What to do
Would you transcribe the listing that follows, character for character, and omit its images?

Data section
[Start of section]

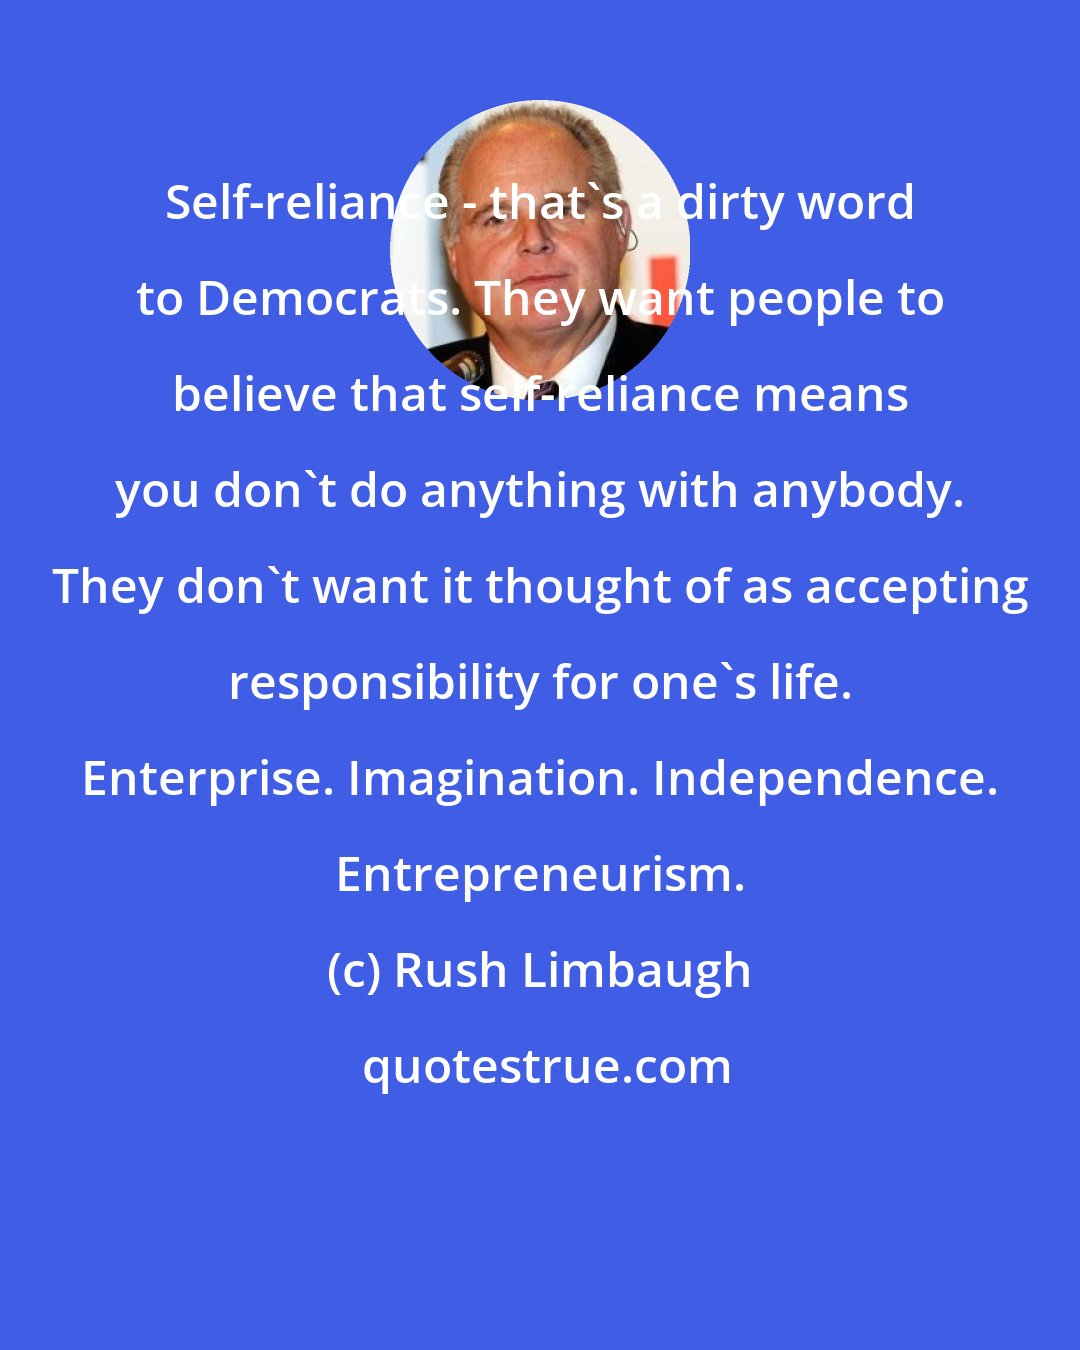 Rush Limbaugh: Self-reliance - that's a dirty word to Democrats. They want people to believe that self-reliance means you don't do anything with anybody. They don't want it thought of as accepting responsibility for one's life. Enterprise. Imagination. Independence. Entrepreneurism.
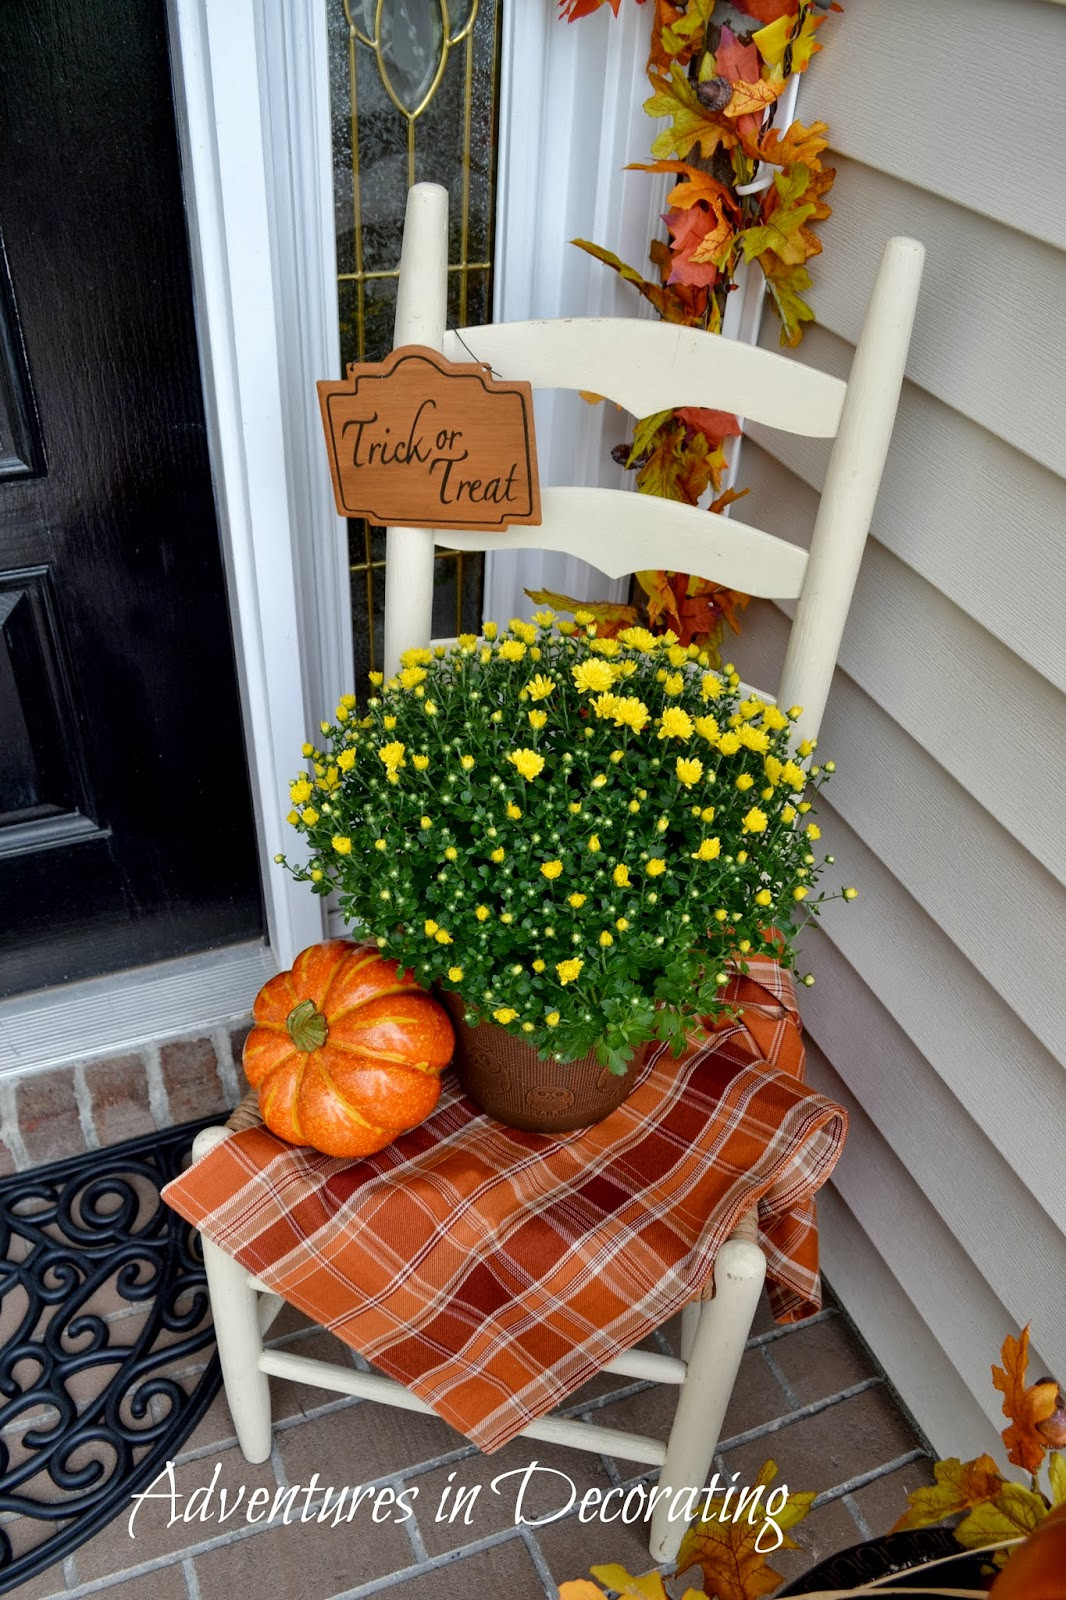 Fall Decoration For Front Porch
 Adventures in Decorating Our Fall Front Porch
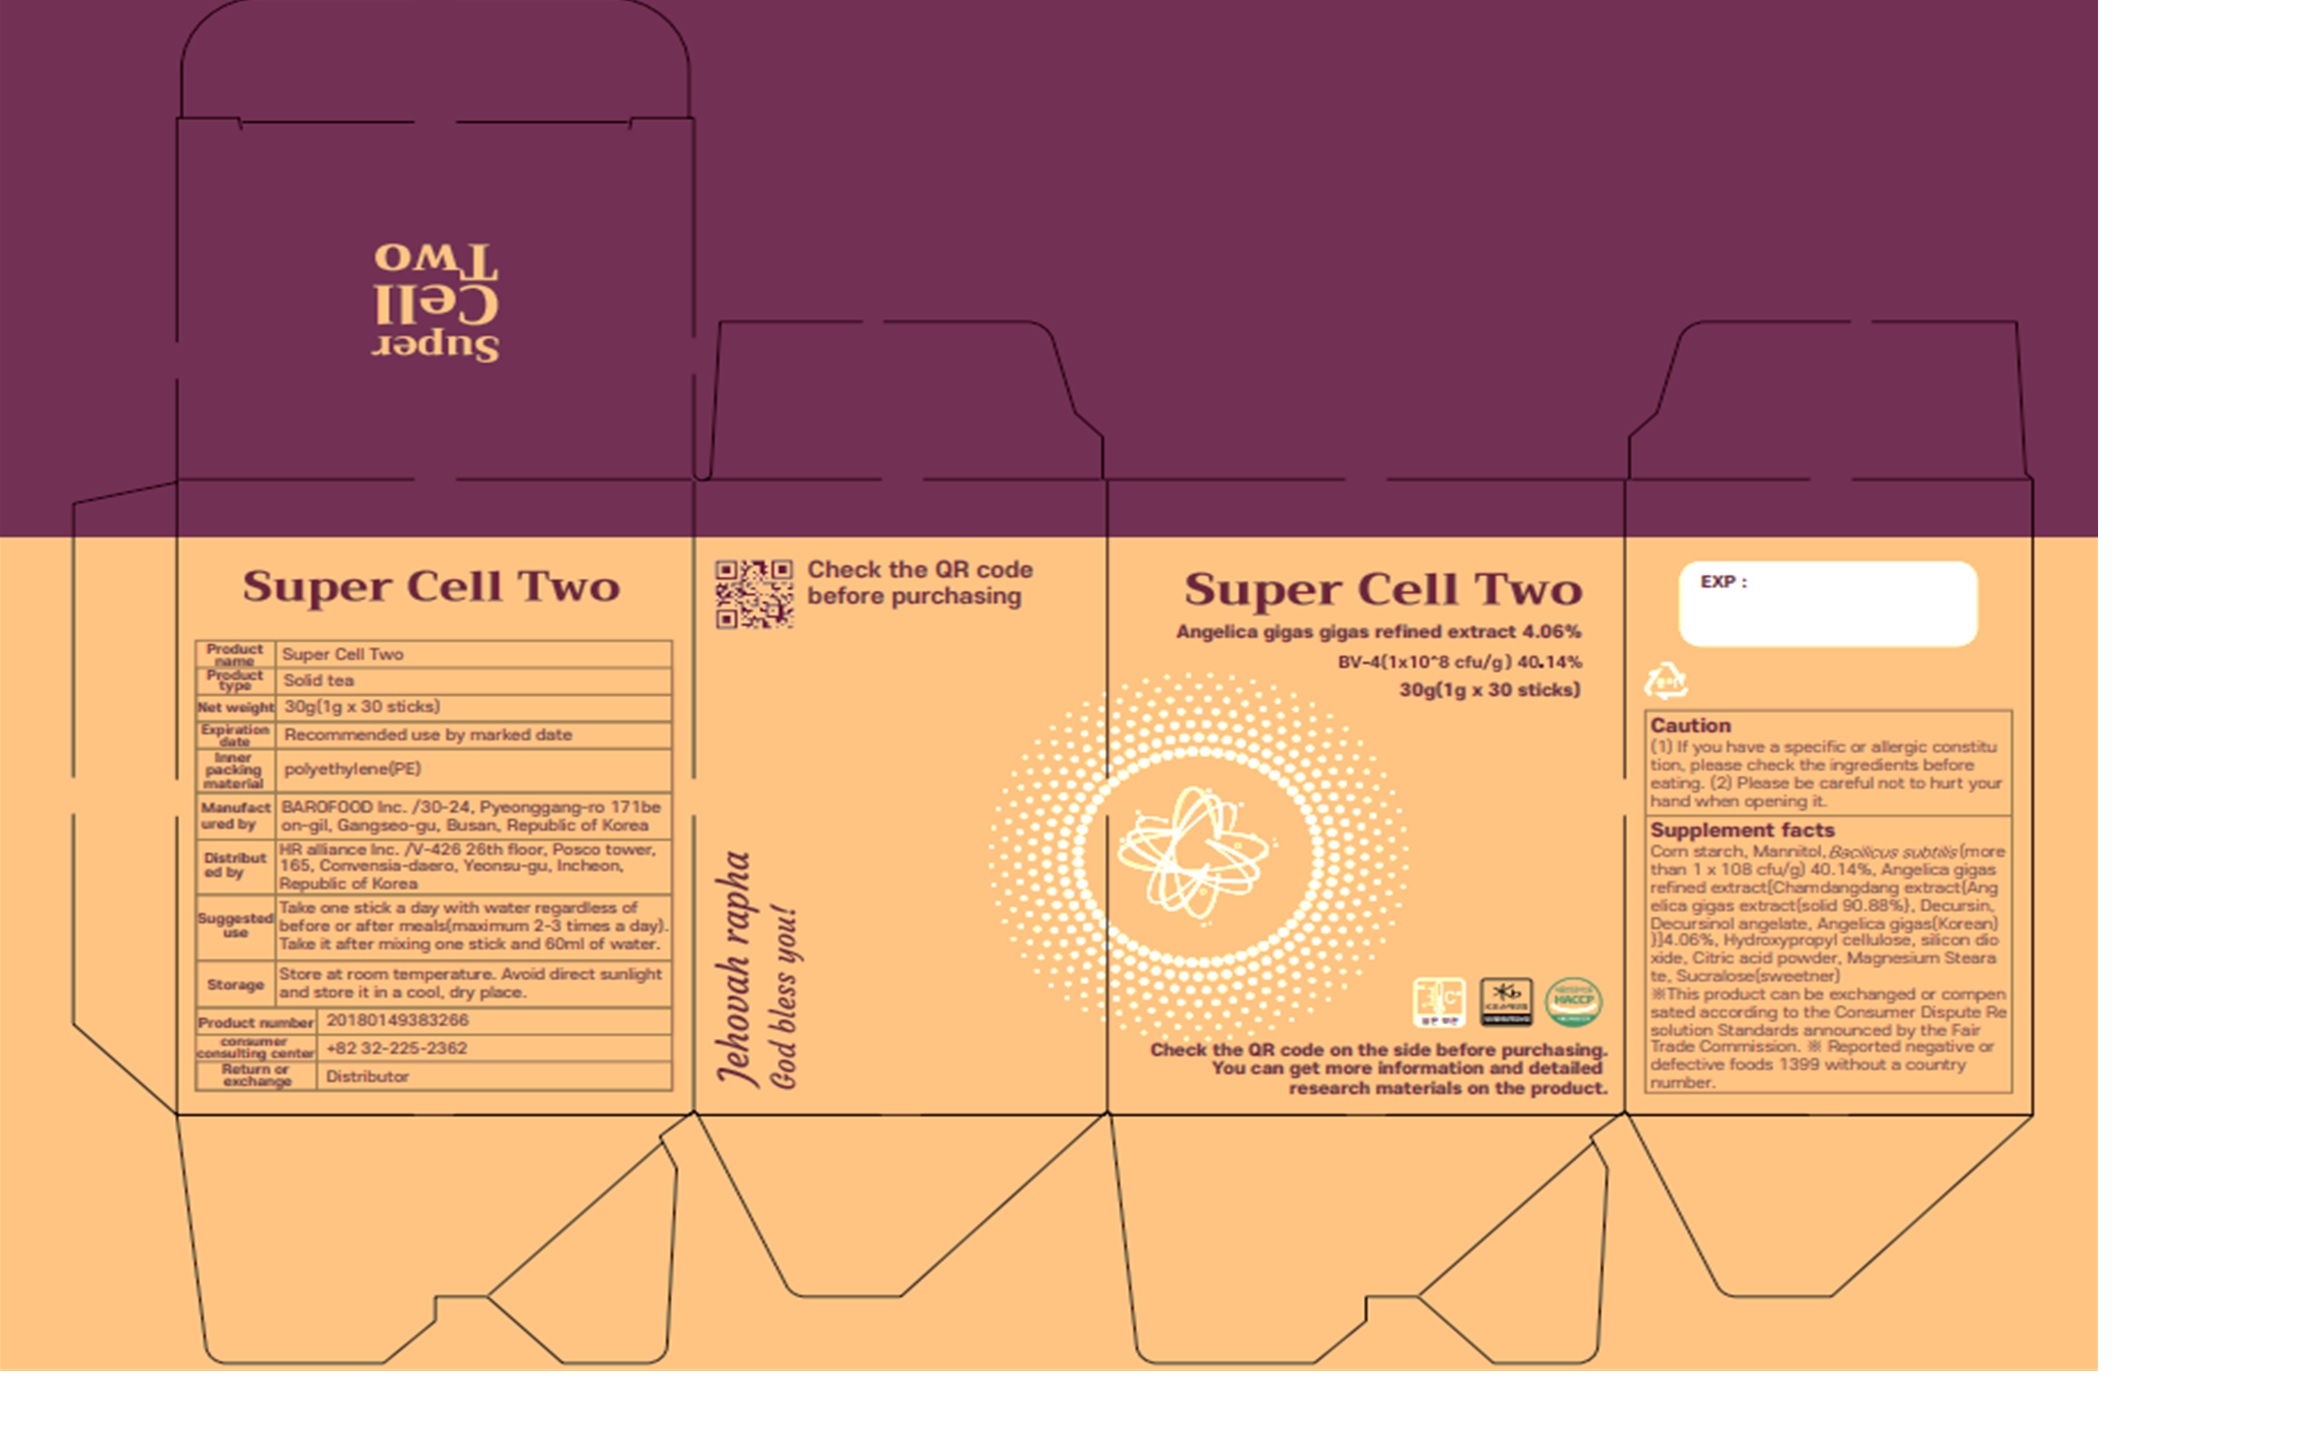 SUPER CELL TWO

[End of section]

Answer box
 Rush Limbaugh: Self-reliance - that's a dirty word to Democrats. They want people to believe that self-reliance means you don't do anything with anybody. They don't want it thought of as accepting responsibility for one's life. Enterprise. Imagination. Independence. Entrepreneurism.
 Fall Decoration For Front Porch
 Adventures in Decorating Our Fall Front Porch
 SUPER CELL TWO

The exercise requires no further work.